Dopo la Messa mi è sembrata cosa puerile e ridicola quella dichiarazione che mi è stata letta da un inviato della Direzione nella quale mi si diceva che, a seguito della mia violazione di domicilio, la Direzione si riservava di prendere tutti i provvedimenti che riteneva più opportuni. D'accordo: che la legge facesse pure il suo corso, ma nel cuore adoravo la libertà dei Figli di Dio, vasta e aperta e inincatenabile «come il vento che spira dove vuole e ne senti la voce, ma non sai donde venga né dove vada: perché così è d'ognuno che è nato dallo Spirito» (Giov. 3, 8).
Enormi strette di mano e mi accompagnavano al muro della legge: ora dovevo scavalcarlo per ritornare nella legalità degli uomini onesti, galantuomini, saggi e prudenti (cioè quelli che stanno bene, hanno il conto in banca, un impiego sicuro, appoggi potenti, posizioni di privilegio).
Stavo pensando se Dio era più di là o di qua dal muro. E mi ricordavo di Gesù e della Sua storia di Figlio di Dio fatto Uomo e mi colmava il cuore di gioia pensare che Lui aveva scelto di vivere la Sua vita terrena e umana al di qua del muro, dove sono chiusi come in campo di concentramento i poveri, i deboli, chi è nulla e zero nella vita.
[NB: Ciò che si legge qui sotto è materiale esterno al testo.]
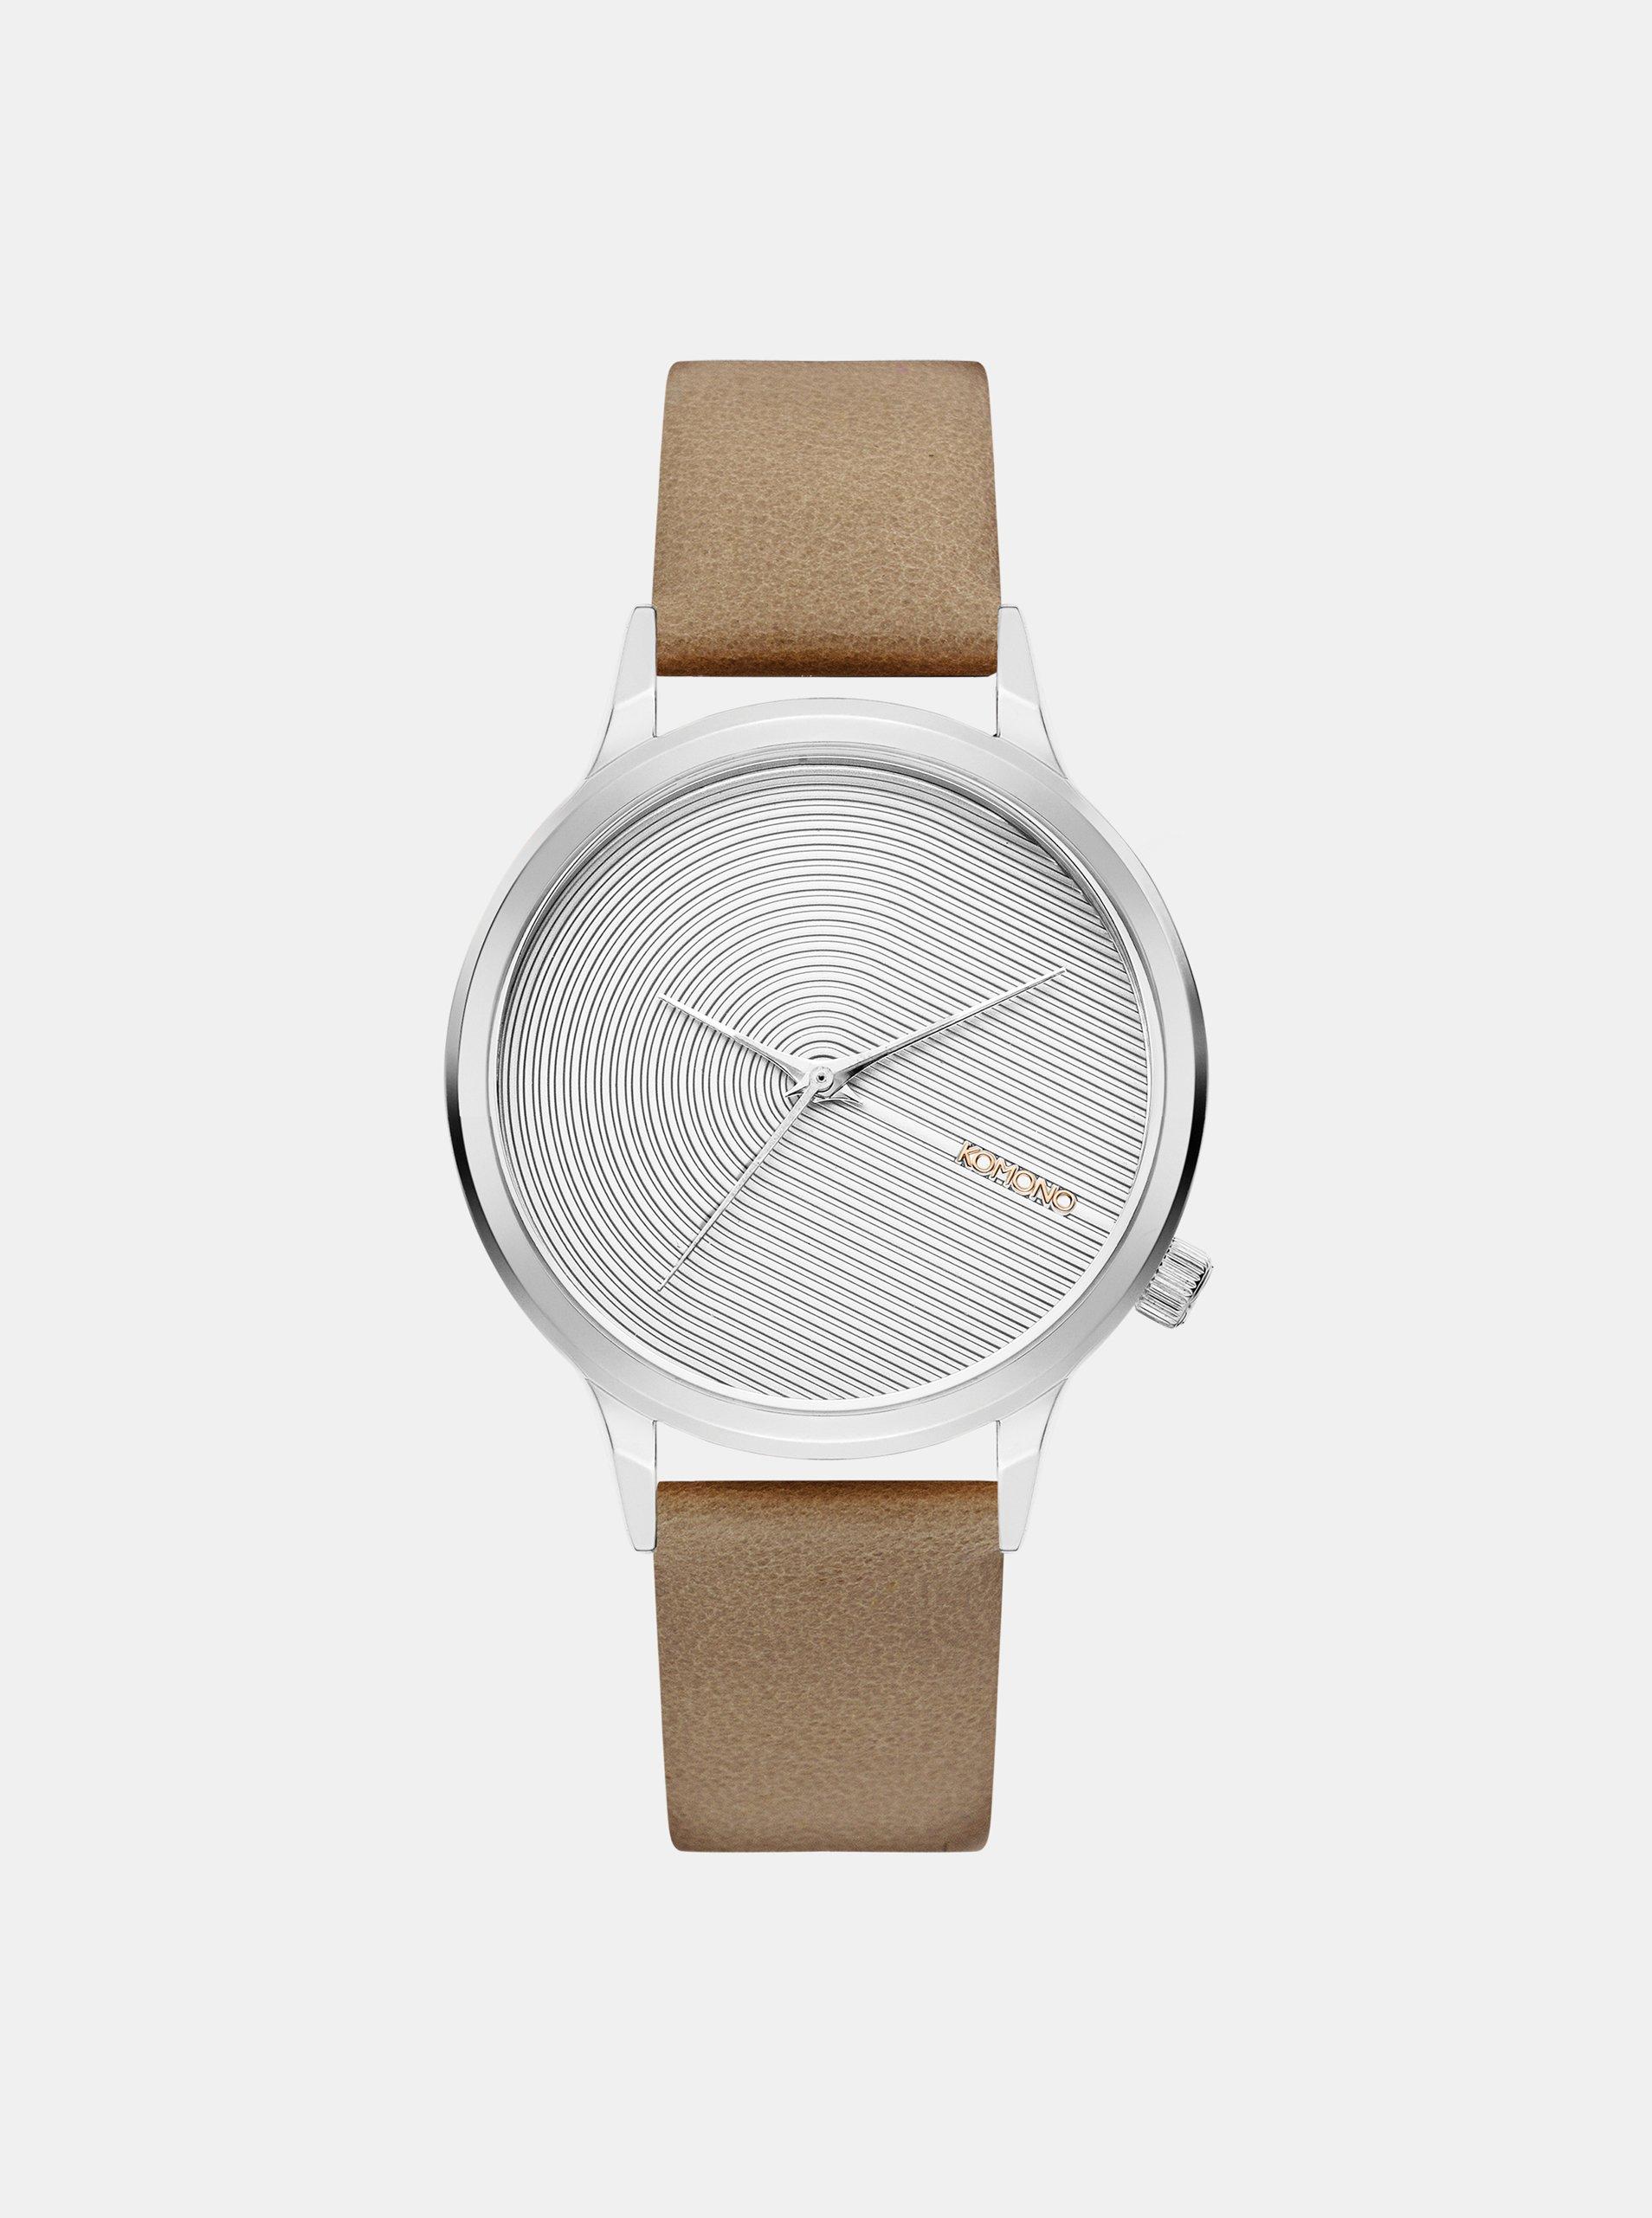 4490519c8a3 Dámské hodinky s béžovým koženým páskem Komono Lexo Deco

E per questo l'avevano condannato come un malfattore e un sovvertitore dell'ordine pubblico, alla morte di Croce e ve l'avevano inchiodato fra due ladri, lasciandovelo morire dissanguato.
Ma aveva perdonato perché nessuno rimanesse fuori dal Suo Amore e quindi con Amore ho risalito il muro della legge e sono tornato fra «gli altri»: mi aspettavano nella mia piccola Chiesa perché io celebrassi la Messa per loro, per loro e per tutti, perché almeno in Dio, per l'adorabile presenza di Gesù, vincolo d'Amore, possiamo essere tutti fratelli.